2008 Palmer Cup
- Dates: 26–27 June 2008
- Venue: Gailes Links
- Location: Irvine, North Ayrshire, Scotland
| Europe | 14 | 10 | United States |
- Europe wins the Palmer Cup

= 2008 Palmer Cup =

Team golf competition in Scotland

The 2008 Palmer Cup was held on 26–27 June 2008 on the Gailes Links in Irvine, North Ayrshire, Scotland. Europe won 14–10.

==Format==
On Thursday, there were four matches of four-ball in the morning, followed by eight singles matches in the afternoon. Four foursomes matches were played on the Friday morning with a further eight singles in the afternoon. In all, 24 matches were played.

Each of the 24 matches was worth one point in the larger team competition. If a match was all square after the 18th hole, each side earned half a point toward their team total.

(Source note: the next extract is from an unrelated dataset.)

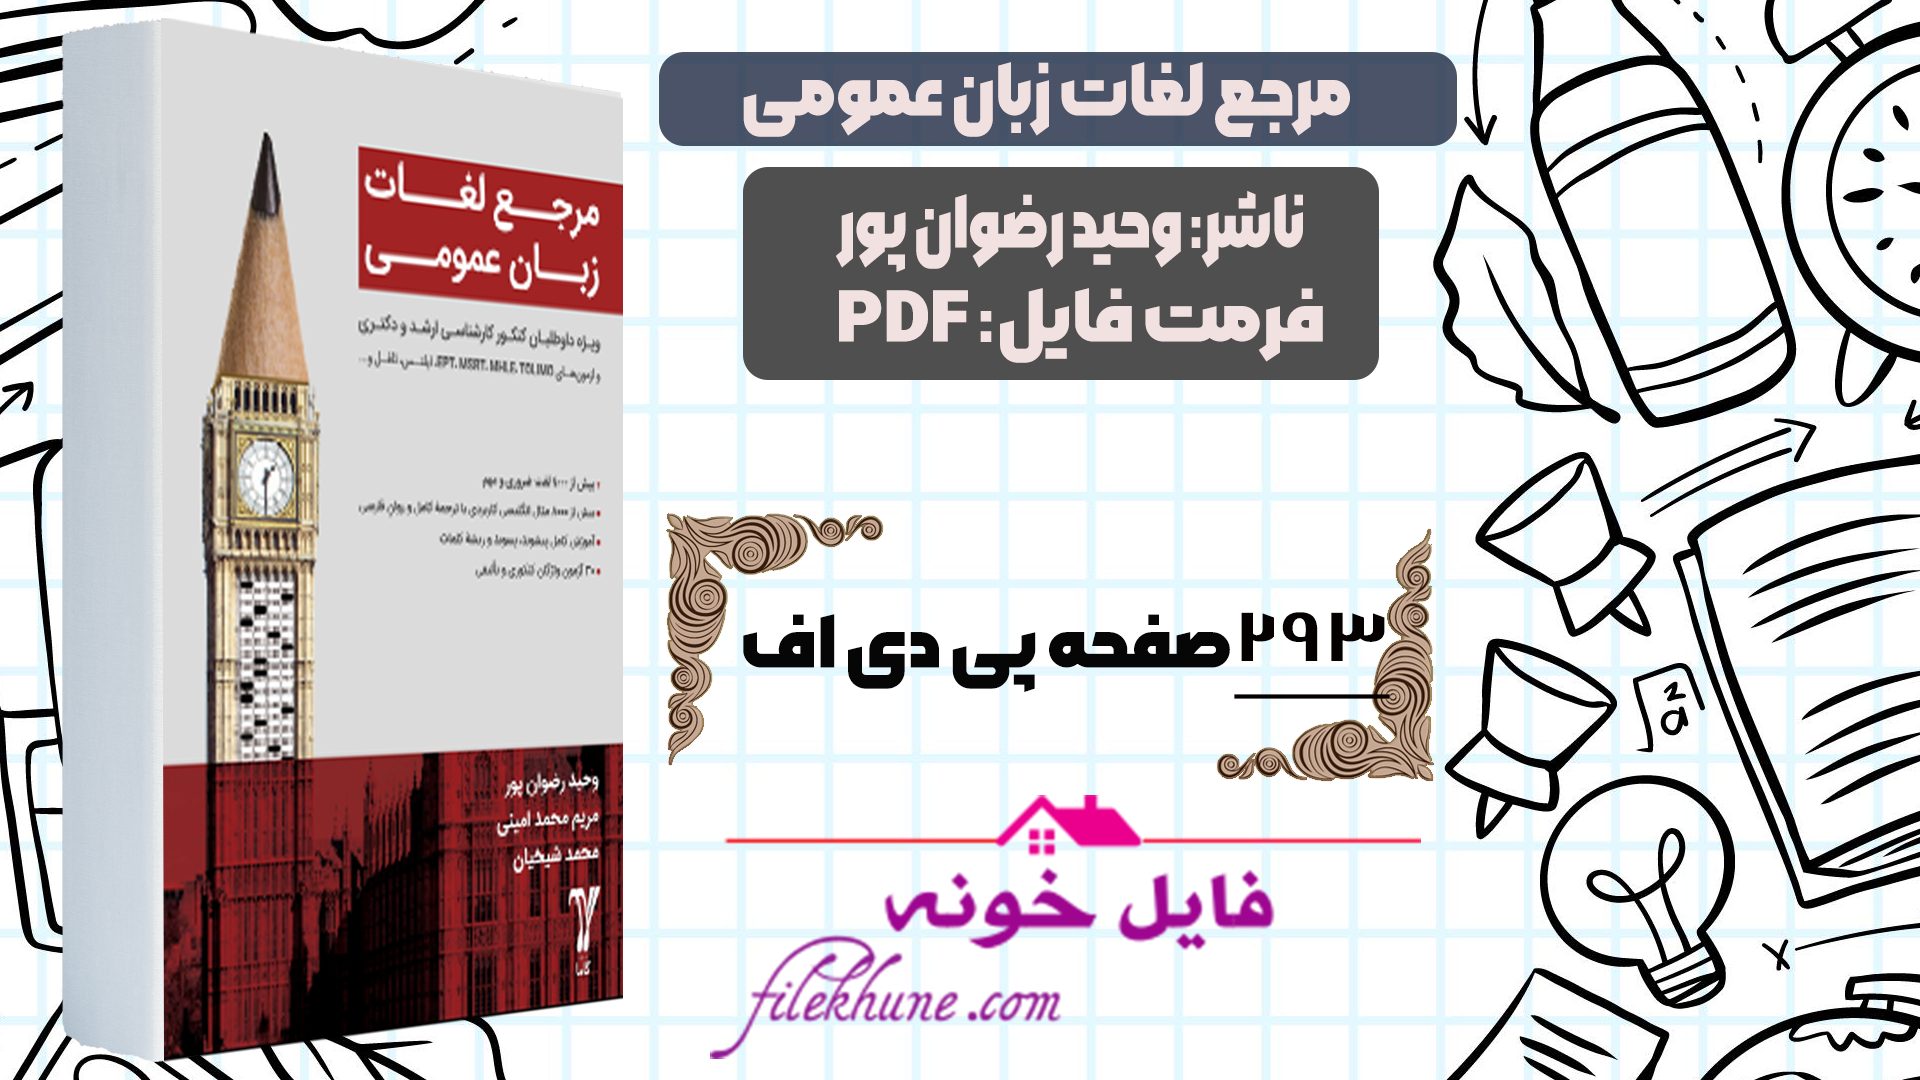 دانلود کتاب مرجع لغات زبان عمومی وحید رضوان پور PDF

The team that accumulated at least 12½ points won the competition.

==Teams==
Eight college golfers from Europe and the United States participated in the event.

Europe
| Name | Country | College |
| Mårten Olander head coach | Sweden |  |
| Adam Mednick assistant coach | Sweden |  |
| Jonas Blixt | Sweden | Florida State |
| Scott Borrowman | Scotland | Stirling |
| Jonathan Caldwell | Northern Ireland | South Alabama |
| Jorge Campillo | Spain | Indiana |
| Jonas Enander Hedin | Sweden | Charlotte |
| Charlie Ford | England | Tennessee |
| Gareth Shaw | Northern Ireland | East Tennessee State |
| Tim Sluiter | Netherlands | Southern California |

United States
| Name | College |
| Conrad Ray head coach | Stanford |
| Andy Bischel assistant coach | UNLV |
| Kevin Chappell | UNLV |
| Derek Fathauer | Louisville |
| Rickie Fowler | Oklahoma State |
| Aaron Goldberg | San Diego State |
| Chesson Hadley | Georgia Tech |
| Billy Horschel | Florida |
| Adam Mitchell | Georgia |
| Michael Thompson | Alabama |

==Thursday's matches==

===Morning four-ball===
| | Results | |
| Blixt/Enander Hedin | EUR 1 up | Hadley/Mitchell |
| Caldwell/Shaw | halved | Chappell/Goldberg |
| Borrowman/Ford | USA 2 & 1 | Fathauer/Thompson |
| Campillo/Sluiter | EUR 4 & 2 | Fowler/Horschel |
| 2½ | Four-ball | 1½ |
| 2½ | Overall | 1½ |

===Afternoon singles===
| | Results | |
| Jonas Enander Hedin | USA 2 up | Aaron Goldberg |
| Jonas Blixt | EUR 5 & 4 | Adam Mitchell |
| Jonathan Caldwell | USA 2 & 1 | Chesson Hadley |
| Gareth Shaw | USA 1 up | Derek Fathauer |
| Scott Borrowman | EUR 1 up | Billy Horschel |
| Charlie Ford | USA 4 & 3 | Rickie Fowler |
| Jorge Campillo | USA 4 & 3 | Kevin Chappell |
| Tim Sluiter | EUR 1 up | Michael Thompson |
| 3 | Singles | 5 |
| 5½ | Overall | 6½ |

==Friday's matches==

===Morning foursomes===
| | Results | |
| Blixt/Enander Hedin | EUR 4 & 3 | Goldberg/Thompson |
| Borrowman/Ford | EUR 3 & 1 | Horschel/Mitchell |
| Caldwell/Shaw | EUR 1 up | Fathauer/Hadley |
| Campillo/Sluiter | EUR 3 & 2 | Chappell/Fowler |
| 4 | Foursomes | 0 |
| 9½ | Overall | 6½ |

===Afternoon singles===
| | Results | |
| Jorge Campillo | halved | Rickie Fowler |
| Jonas Blixt | EUR 2 & 1 | Michael Thompson |
| Charlie Ford | halved | Billy Horschel |
| Gareth Shaw | USA 1 up | Chesson Hadley |
| Scott Borrowman | halved | Kevin Chappell |
| Jonas Enander Hedin | EUR 3 & 2 | Adam Mitchell |
| Jonathan Caldwell | EUR 3 & 2 | Aaron Goldberg |
| Tim Sluiter | USA 3 & 1 | Derek Fathauer |
| 4½ | Singles | 3½ |
| 14 | Overall | 10 |

==Michael Carter award==
The Michael Carter Award winners were Jonas Enander Hedin and Michael Thompson.